There are no plans or proposals which I may have in regard to:
| (a) | The acquisition of additional shares of the Issuer or the disposition of shares of the Issuer; |
| (b) | A merger, reorganization or liquidation involving the Issuer or any of its subsidiaries; |
| (c) | A sale or transfer of a material amount of assets of the Issuer or any of its subsidiaries; |
| (d) | Any change in the present board of directors or management of the Issuer, including any plans or proposals to change the number or term of directors or to fill any existing vacancies on the board; |
| (e) | Any material change in the present capitalization or dividend policy of the Issuer; |
| (f) | Any other material change in the Issuer’s business or corporate structure; |
| (g) | Any change to the Issuer’s charter, bylaws or instruments corresponding thereto or other actions which may impede the acquisition of control of the Issuer by any person; |
| (h) | To cause a class of securities of the Issuer to be delisted from a national securities exchange or to cease to be authorized to be quoted in an inter-dealer quotation system of a registered national securities association; |
| (i) | To cause a class of equity securities of the Issuer to become eligible for termination of registration pursuant to Section 12(g)(4) of the Act; or |
| (j) | Any other actions similar to those above. |
I have no present plans or proposals relating to the Issuer and have no plans to dispose of any of the shares of the Issuer at this time.
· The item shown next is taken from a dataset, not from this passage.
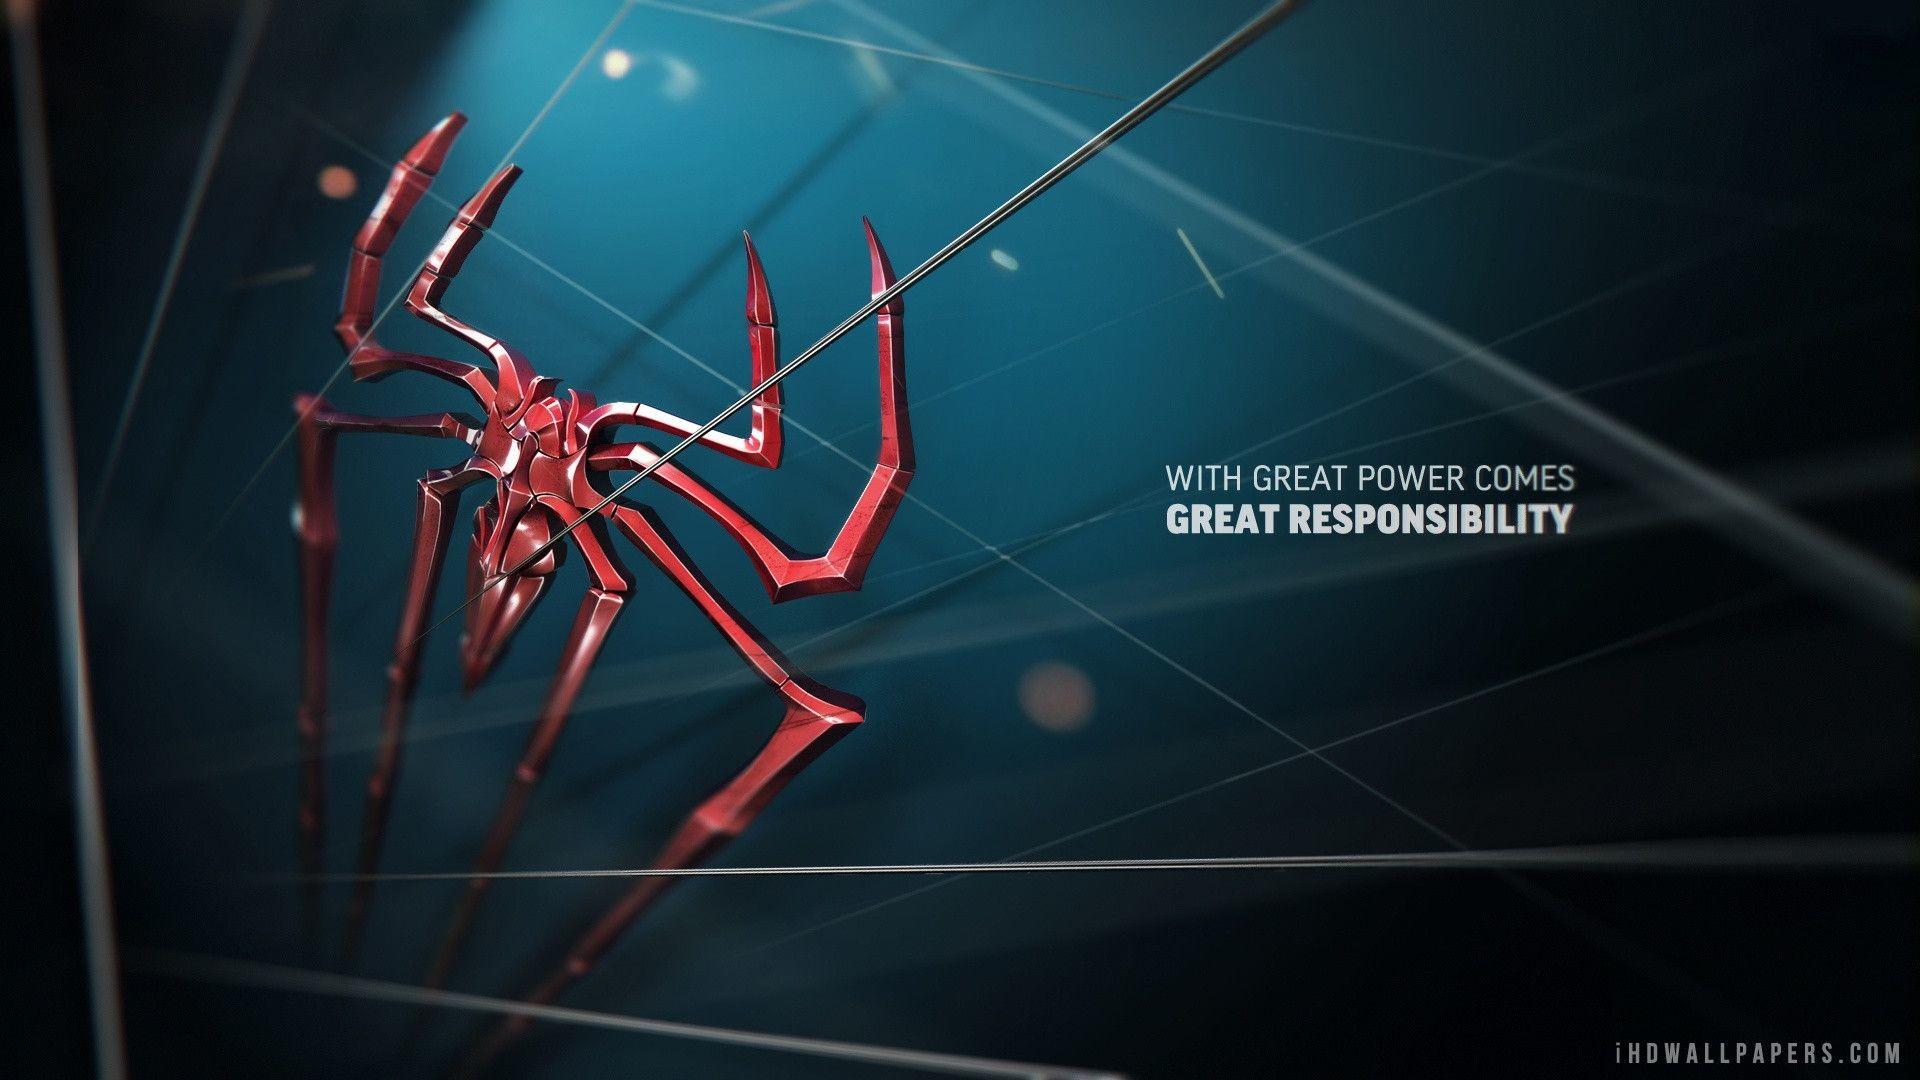 Spider Man HD desktop wallpaper : High Definition : Fullscreen 1920×1080 HD  Wallpapers Of
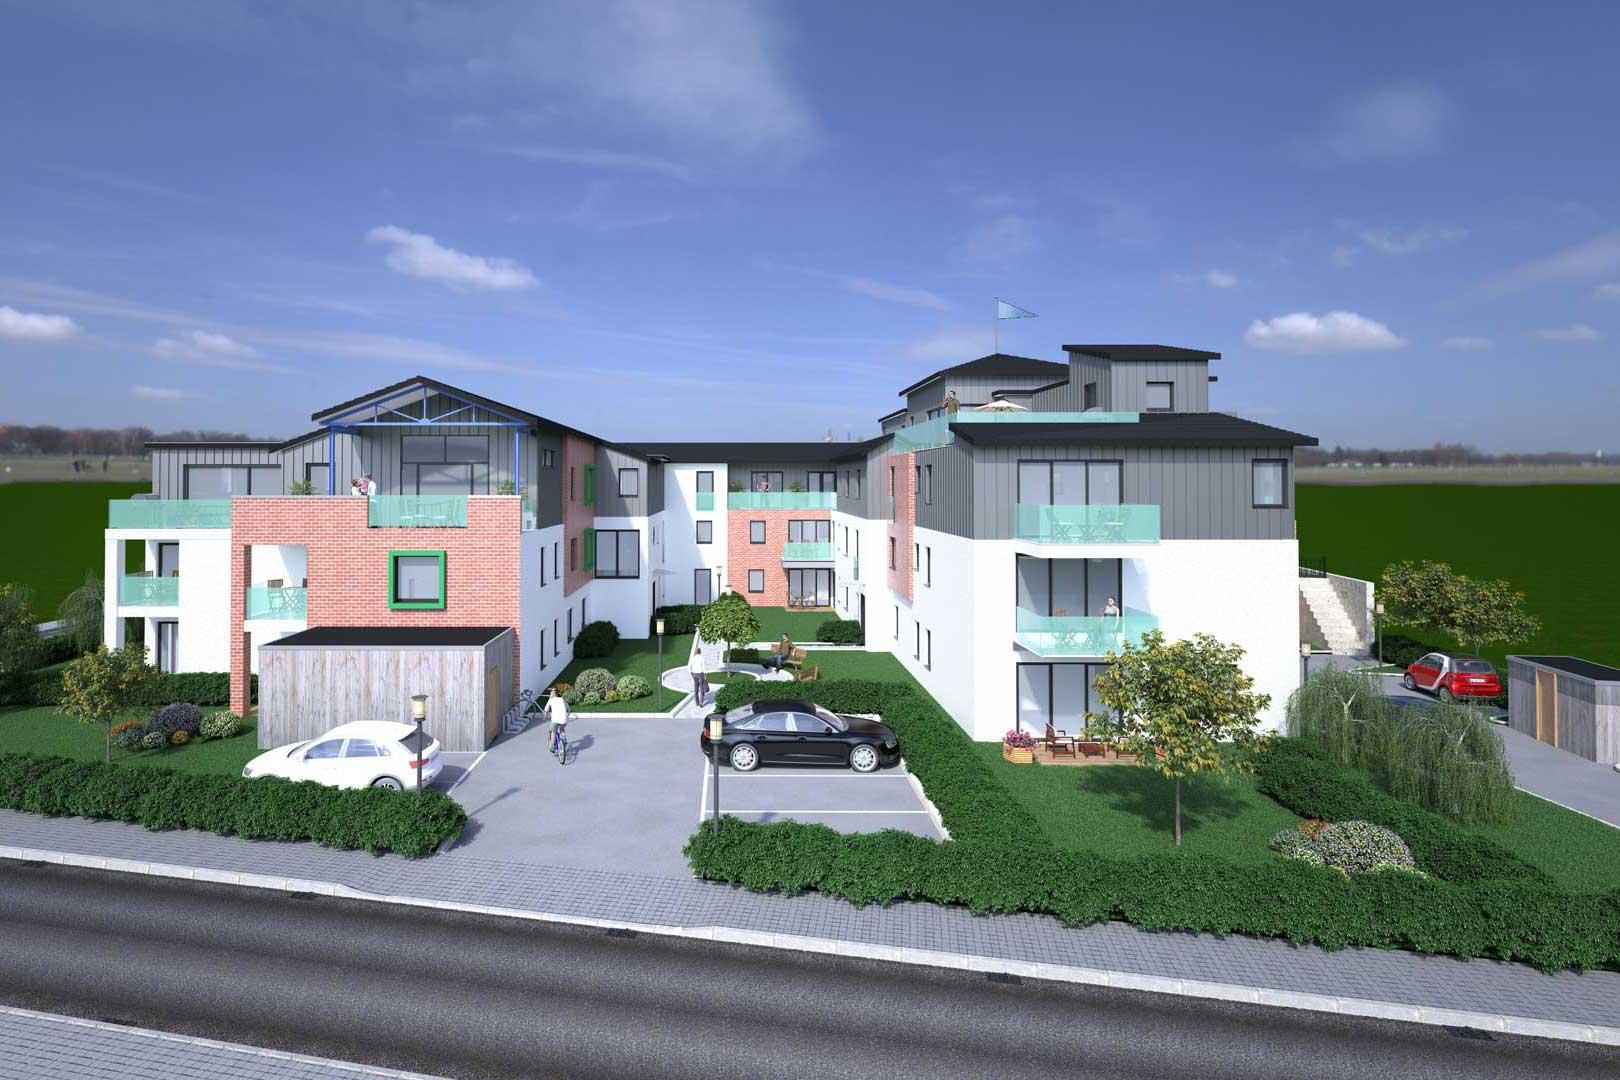 Mehrfamilienhaus für exklusives Wohnen in Winsen Aller

Item 5. Interest in Securities of the Issuer.
| (a) | I hold a total of 81,207 shares of common stock of the Issuer directly in my name (William Tighe), which represents 0.1% of a total of 61,270,768 issued and outstanding shares as of the date of this Schedule 13D. |
| (b) | I have sole voting power and sole dispositive power over the securities referred to above in paragraph (a) of this Item 5. |
| (c) | During the 60 sixty day period preceding the date of the filing of this Schedule 13D, I have not purchased any shares of the Issuer. |
| (d) | I have the right to receive or the power to direct the receipt of dividends from, or the proceeds from the sale of the shares held by me. I will have the right to receive the dividends. No one other than I have the right to receive or the power to direct the receipt of the dividends from, or the proceeds from the sale of the shares held in my name referred to above in paragraph (a) of this Item 5. |
Item 6. Contracts, Arrangements, Understandings or Relationships with Respect to Securities of the Issuer.
There are no agreements with any other person with respect to the transfer of voting of any securities, finder’s fees, joint ventures, option agreements, puts or calls, guarantees of profits, division of profits or loss, or the giving or withholding of proxies.
Item 7. Material to be Filed as Exhibits.
Not applicable.
SIGNATURES
After reasonable inquiry and to the best of my knowledge and belief, I certify that the information set forth in this statement is true, complete and accurate.